UC Santa Barbara head coach Joe Pasternack during the second half of a game earlier this season. (AP Photo/Michael Wyke)
UC Santa Barbara head coach Joe Pasternack during the second half of a game earlier this season. (AP Photo/Michael Wyke)

Just after 8 a.m. on Saturday morning, the UC Santa Barbara men’s basketball traveling party awoke to the most terrifying news imaginable.

They received the same emergency alert others in Hawaii did mistakenly warning them of an incoming ballistic missile attack set to strike any minute.

Some players and coaches were jarred awake by the buzzing of their phones. Others only scrambled out of their beds when forward Leland King’s mother ran down the hallway of their Waikiki hotel in a panic knocking on doors and screaming for everyone to get up.

“We were either huddled in the bathroom, in the stairwells or out in the halls,” UCSB associate athletic director Bill Mahoney told Yahoo Sports. “The warning said to stay away from the windows. It was bizarre.”

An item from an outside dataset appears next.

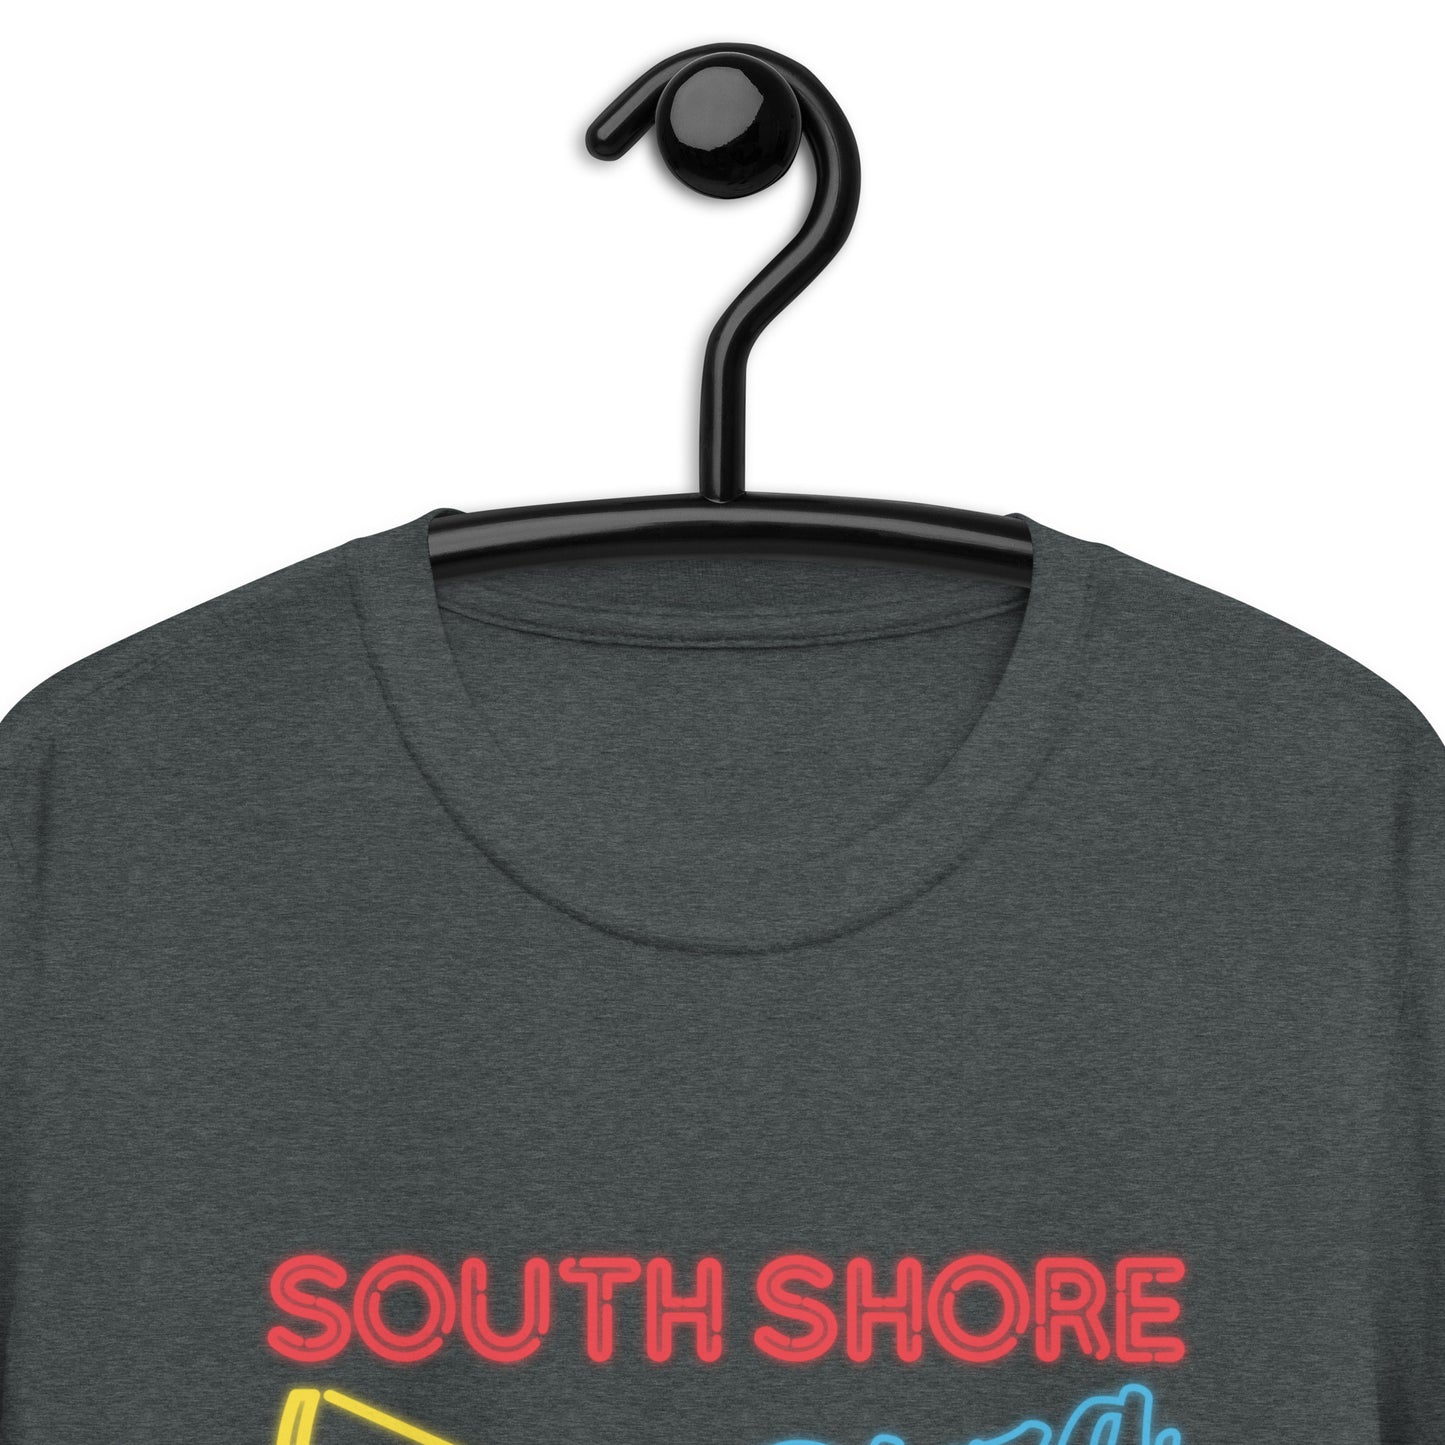 SSBP South Shore Bar Pizza Social Club Neon Sign Tee
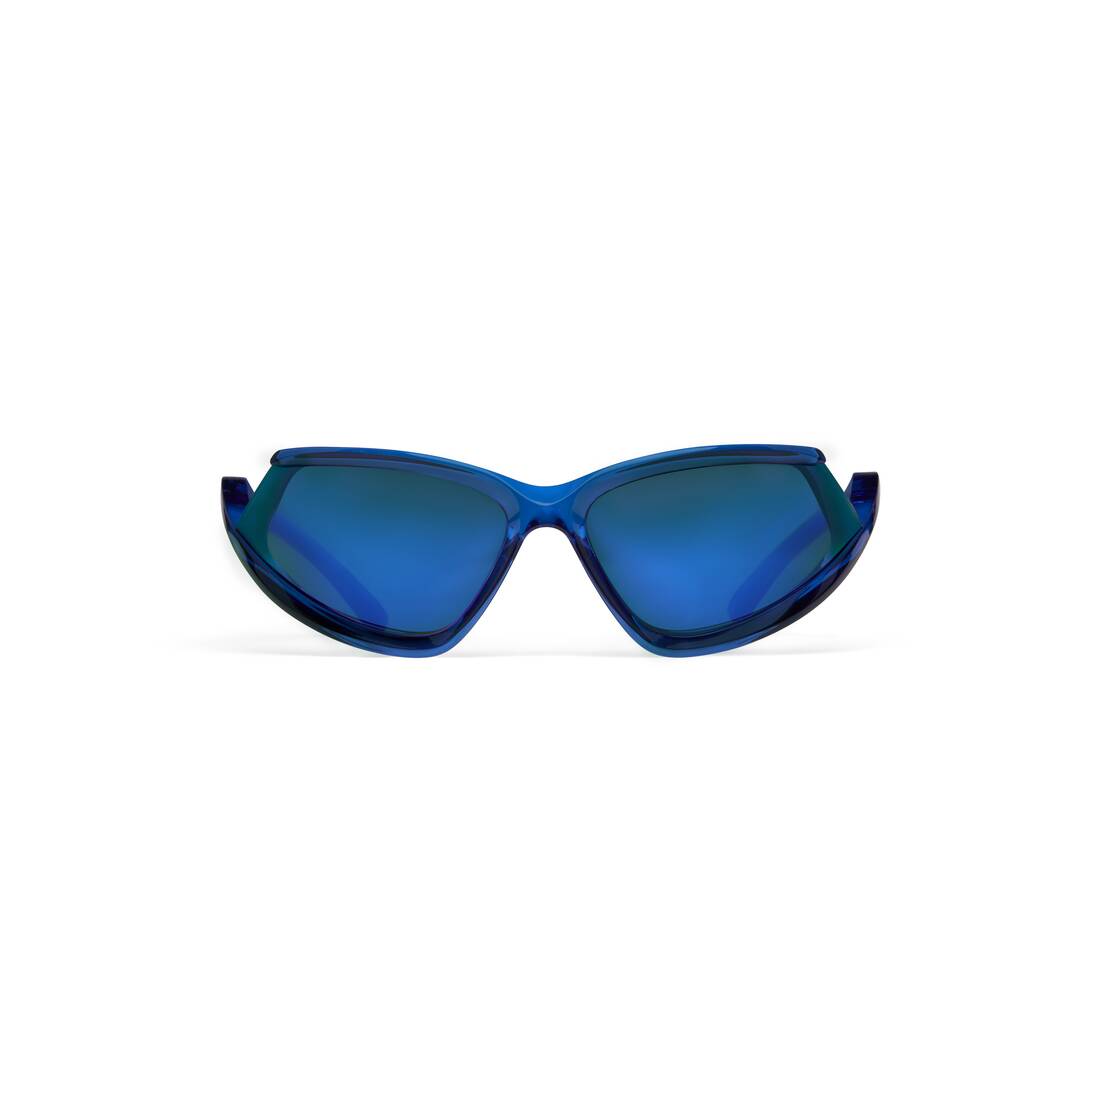 Buy Sunglasses Online|Cat 4 UV protection Black Blue|Quechua

Hawaii has been on high alert in recent weeks since tensions between President Trump and North Korean leader Kim Jong-un escalated into nuclear threats. The state has even begun staging monthly air-raid drills, complete with wailing nuclear attack sirens, for the first time since the 1980s.

UCSB players and coaches had more reason to take the ballistic missile alert seriously than just the recent hostilities between the U.S. and North Korea. The largest fire on record in California swept through the Santa Barbara area last month and heavy rainfall incited the devastating Montecito mudslides this past week. Those who didn’t receive emergency alerts in time or didn’t take them seriously enough often paid a steep price.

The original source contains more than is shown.